Understandably so. Since entering India in 1989, PepsiCo has invested over $500 million with not a penny in profits so far. Its accumulated losses are estimated at Rs 253 crore (about $50 million). The soft drink market registered a negative growth last year, partially because of high taxes, which comprise up to 40 per cent of the retail price of soft drinks, compared with 10 to 15 per cent in south-east Asian countries.

Till now Pepsi's investments in India and China have been almost equal, but while the company will quadruple its investment in China in five years, in India it won't increase by more than 60 per cent. But that need not be if "India plays ball with us," says Nooyi. Making a case for removing "barriers to profitable growth" in India the PepsiCo superwoman asked for elimination of discriminatory tariffs and surcharges, removal of red tape and improvement in infrastructure. "Given my position in the company (she is number two) I can influence Pepsi's decision-making in favour of India, but I can't do that till I see prospects for profitable growth," she said.

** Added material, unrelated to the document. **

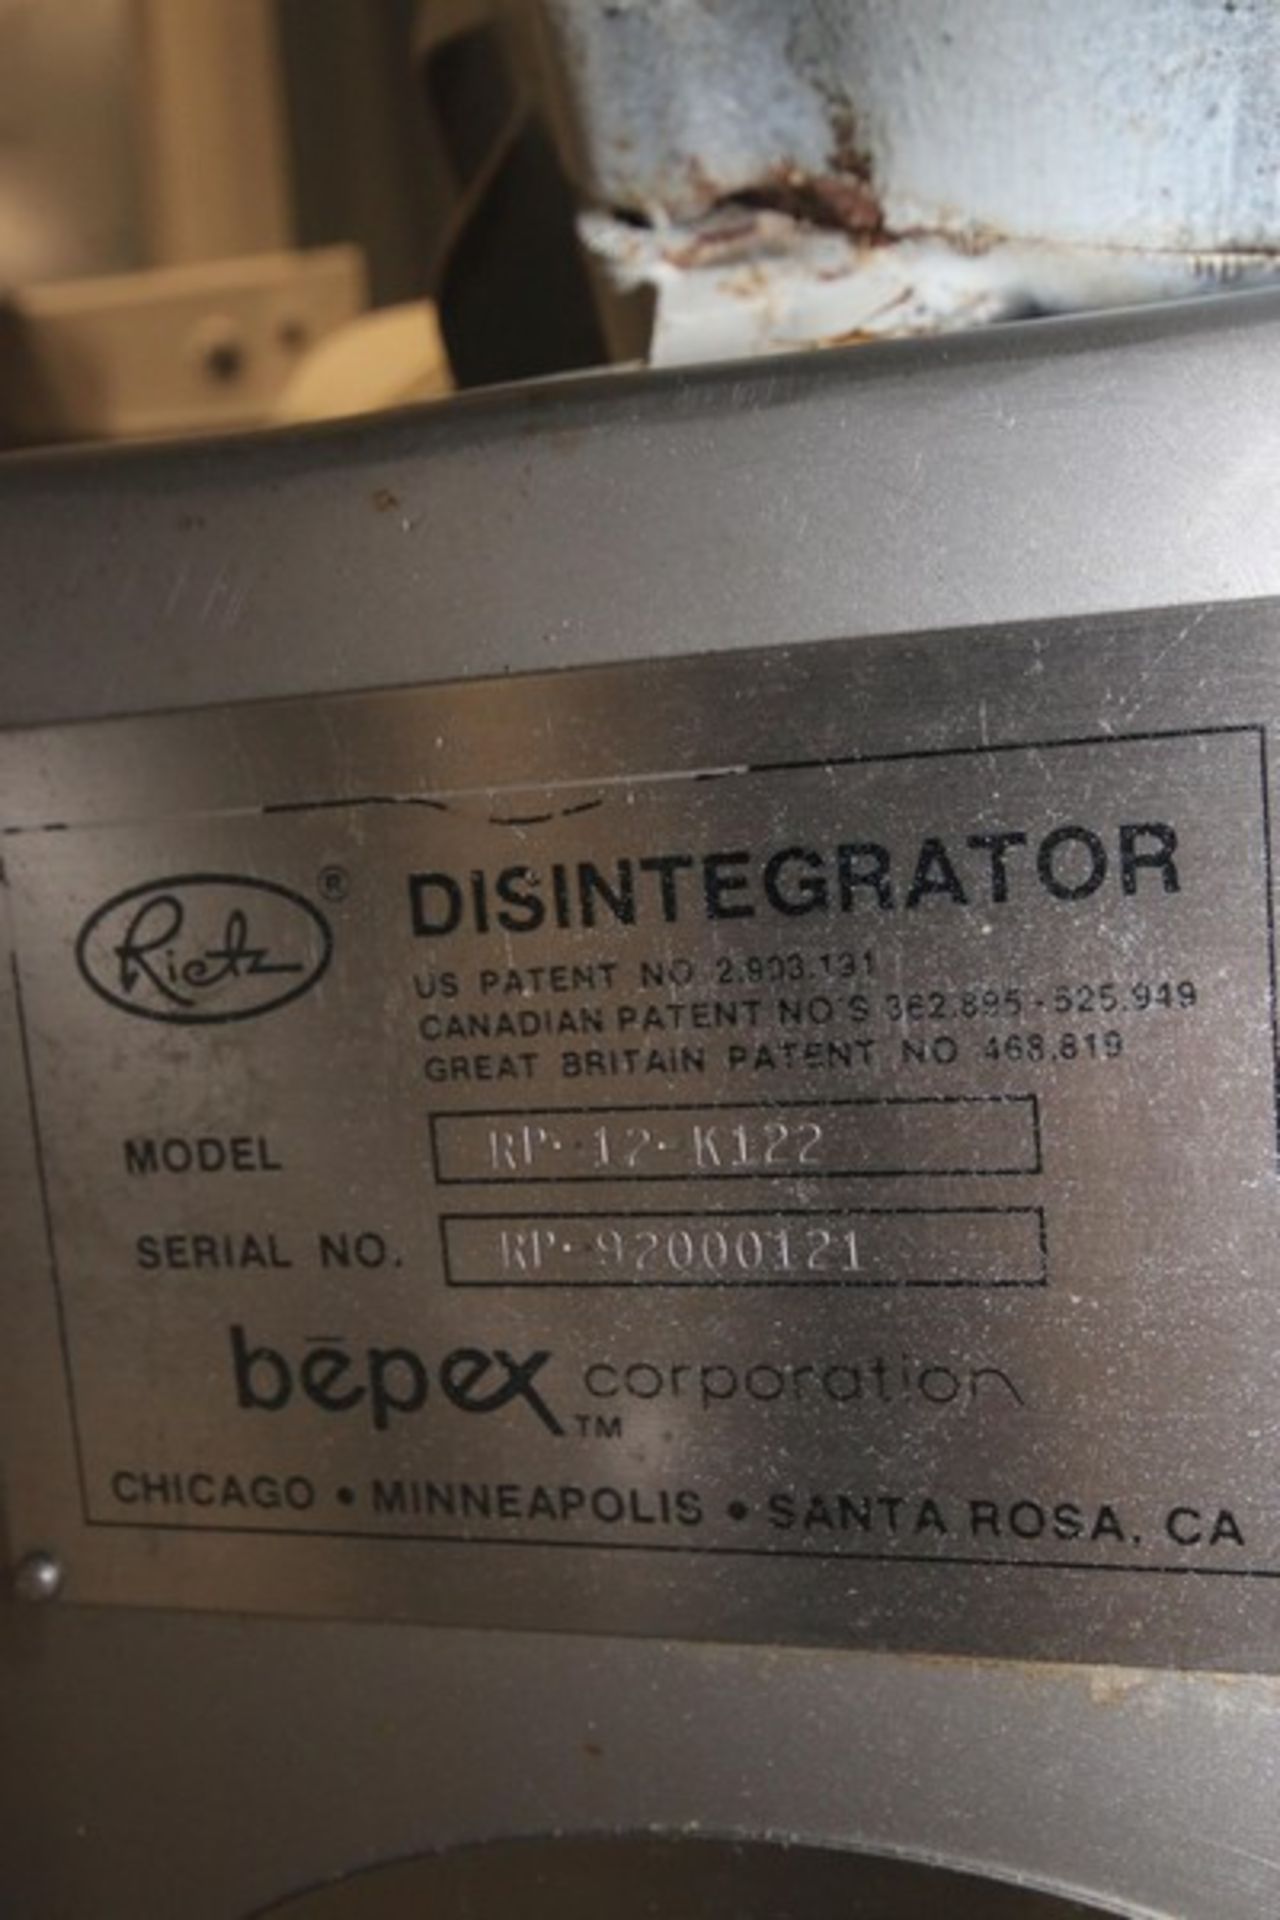 Rietz S/S Disintegrator, M/N RP-12-K122, S/N RP-92000121, with Baldor 15 hp Motor, 1760 RPM, 230/460 - Image 13 of 13
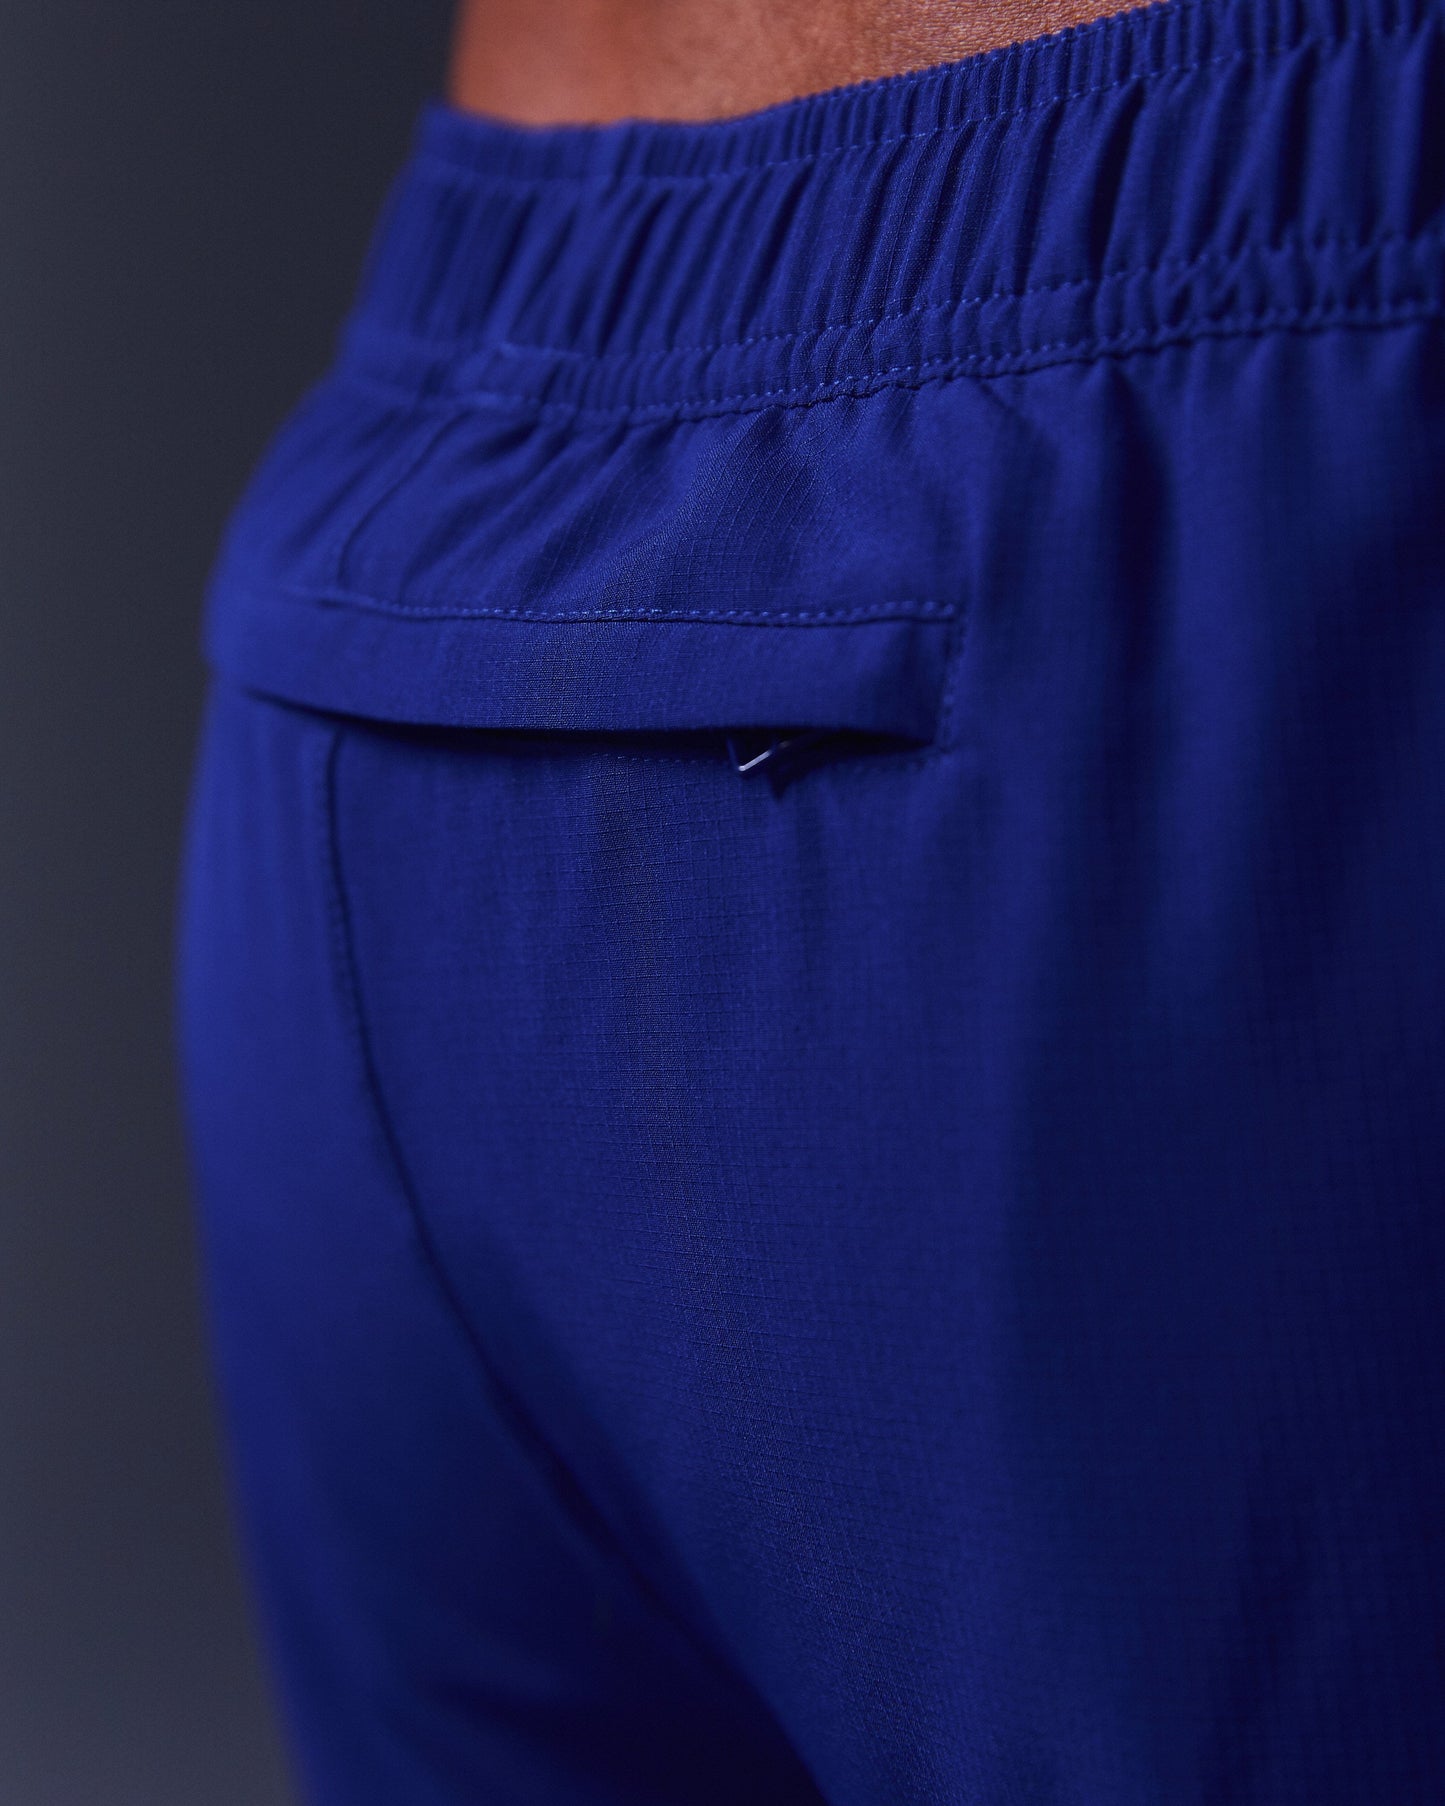 SUDU SRS 01 Run Shorts - Belleweather Blue / Carmine Rose Shorts

Be it the high-power dinner she had with editors of select publications, breakfast with business editors, an emotional address at the industrial chamber FICCI, or a meeting with Finance Minister Yashwant Sinha, Nooyi used every forum to underscore India's big problems and its bigger potential. Pepsi's interest was, of course, a subscript in her timely pleas for change, given that India's budget for 2002-03 will be presented on February 28 and is likely to restructure taxes.

America's 10th most powerful businesswoman who "leaves her crown in the garage" when home, is willing to help correct the negative perceptions of India in corporate America, even hinting at an informal grouping of top ranked Indian executives in the US. But not much will change till leaders of India act. And to them Nooyi's request is "don't let India become irrelevant."